Дейзи, замерзшая и усталая, стянула с себя пальто и бросила на стол будущего администратора. Этот стол тридцатых годов прошлого века она отыскала в Камдене, его доставили на прошлой неделе, но она до сих пор не сняла с него защитную пузырчатую пленку. Хотела показать стол Джонсу, но они ни разу не поговорили за десять дней, что прошли после их последней встречи. Миссис Бернард, пребывая в необычном для нее веселом расположении духа, позвала Дейзи за собой:

– А теперь, глядите, они начали работу в саду. Я хотела вам позвонить, но подумала, что вы скоро вернетесь.

Дейзи взглянула на террасный сад, где отобранные деревья и кустарники высаживались в свежеудобренную землю. Разросшиеся кусты сирени и глицинии дипломатично подрезали, отодвинули на задний план, оставив намек на дикорастущие заросли и волшебство. Сами террасы отдраили и восстановили, и теперь они блестели чистотой на фоне окружавшей их зелени. Запах шалфея и чабреца с новых травяных грядок смешивался с ароматом буддлеи, чьи длинные тонкие ветви сгибались под тяжестью цветов.

– Совсем другое дело, правда? – Миссис Бернард сияла, показывая изменения малышке Элли.

Ей нравилось это, успела заметить Дейзи и подумала с болью, что с Камиллой у нее не было такой возможности.

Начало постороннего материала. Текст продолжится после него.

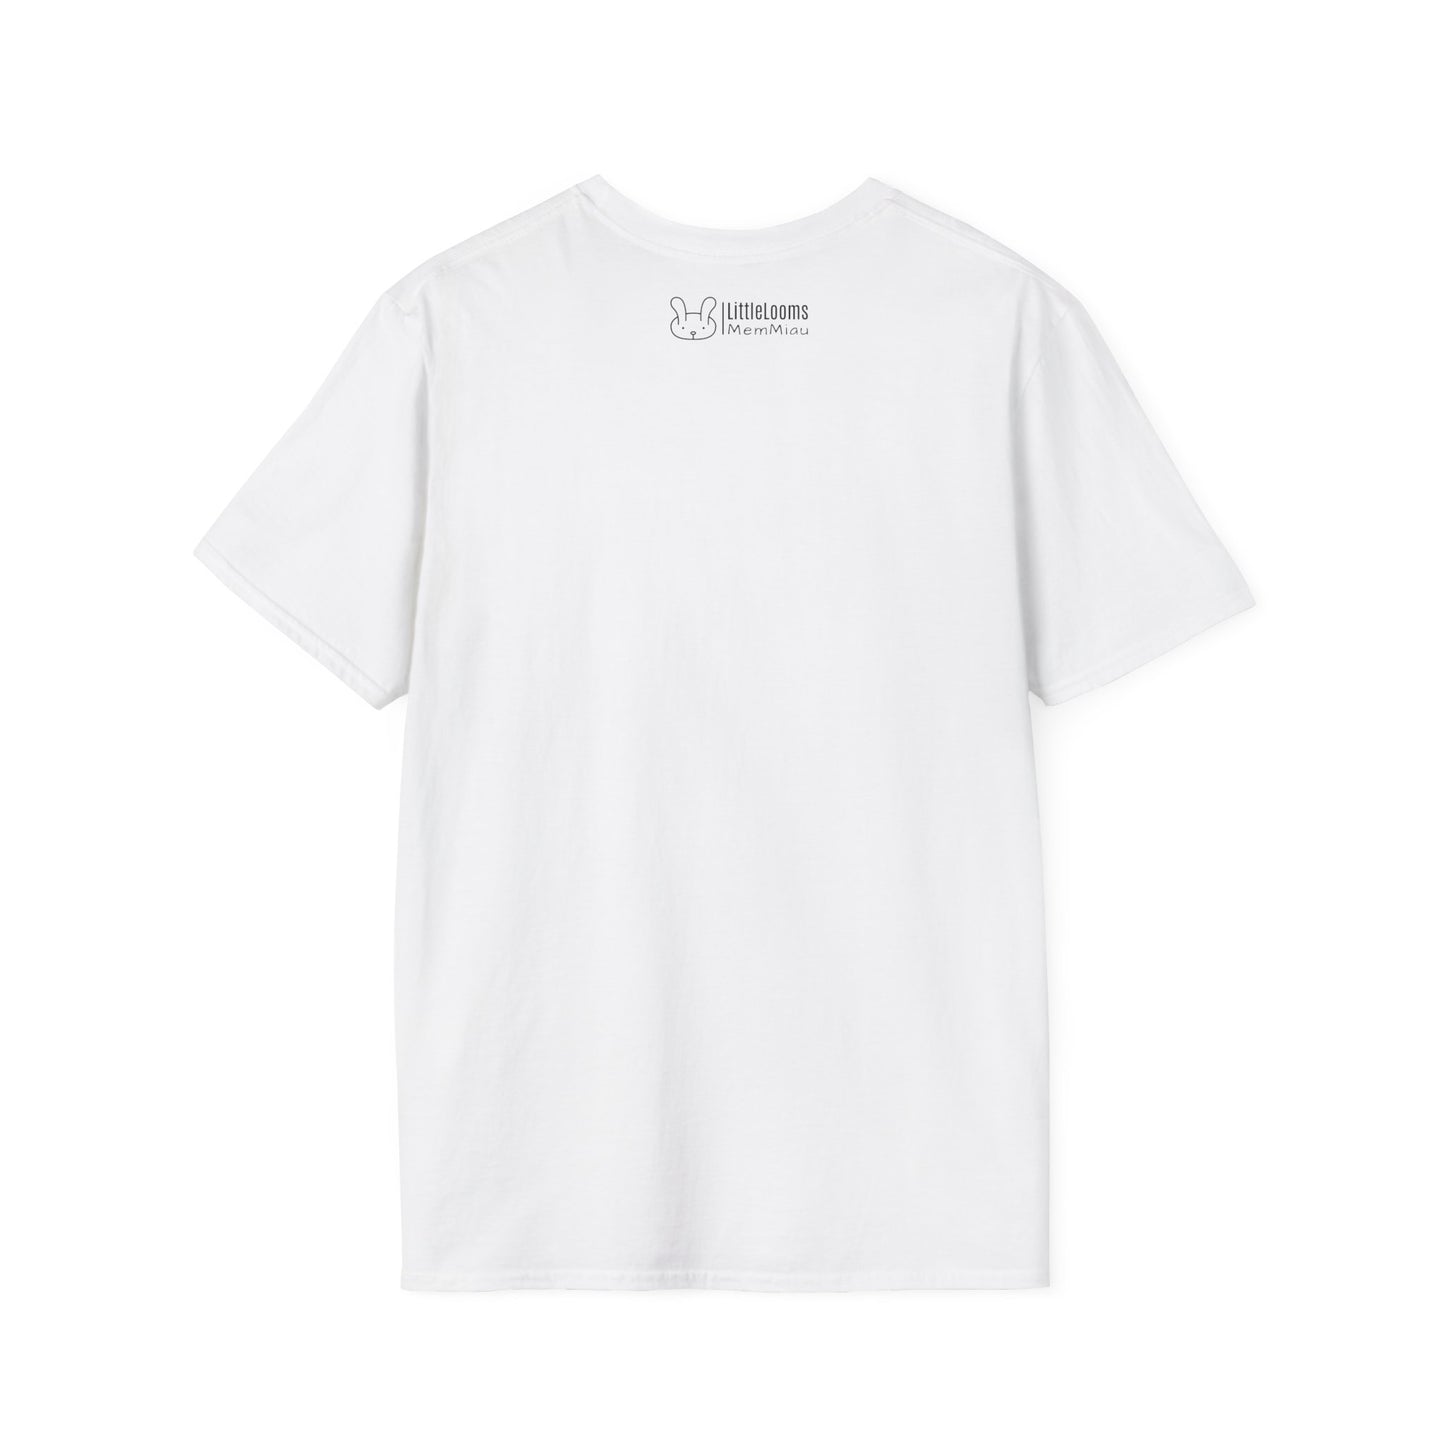 Camiseta Vintage Unisex Ética y Sostenible - Gildan

– Дело спорится, – сказала Дейзи, озираясь вокруг не без удовольствия, которое вытеснило черную безысходность, куда в последнее время проваливалось все хорошее. Они по-прежнему отставали по срокам, но все постепенно налаживалось.

Комнаты, где требовалось прорубить двери, стояли открытые и яркие, а недавно установленные электронные жалюзи позволяли свету проникать сквозь застекленную крышу, когда требовалось, и спасали от слепящей жары в полдень. По крайней мере в три спальни осталось только завезти мебель. Их заново отштукатуренные стены источали пьянящий запах свежей краски, а натертый паркет в елочку был покрыт слоем строительной пыли, которая исчезнет только с уходом строителей. На кухне установили оборудование из нержавеющей стали, а также промышленные холодильники и морозильники, и все ванные комнаты, кроме одной, уже были оснащены сантехникой. Покончив с основной работой, Дейзи теперь продумывала детали. Это занятие у нее всегда получалось лучше всего. Она часами изучала единственный лоскут старинной ткани или просматривала справочную литературу, чтобы узнать, как развешивались картины или хранились книги, и была при этом счастлива. На следующей неделе, говорила она себе, они усядутся с миссис Бернард и просмотрят все фотоальбомы. Эту роскошь она себе не позволяла до тех пор, пока «работа Даниеля», как она ее называла, не будет закончена.

– Ой, забыла. Они уберут оттуда угловую скамейку. Древесина прогнила насквозь. Но столяр уверяет, что сможет сделать такую же. Я решила, что не стоит заказывать ее по каталогу. Жасминовые кусты придется разредить, так как они душат сточную канавку. Я не возражаю. Я сама их посадила, когда Камилла была маленькая. Запах, знаете ли. Она любила все, что хорошо пахло.

Дейзи нахмурилась, глядя на пожилую женщину:

– Вам действительно все равно?

– Вы о чем?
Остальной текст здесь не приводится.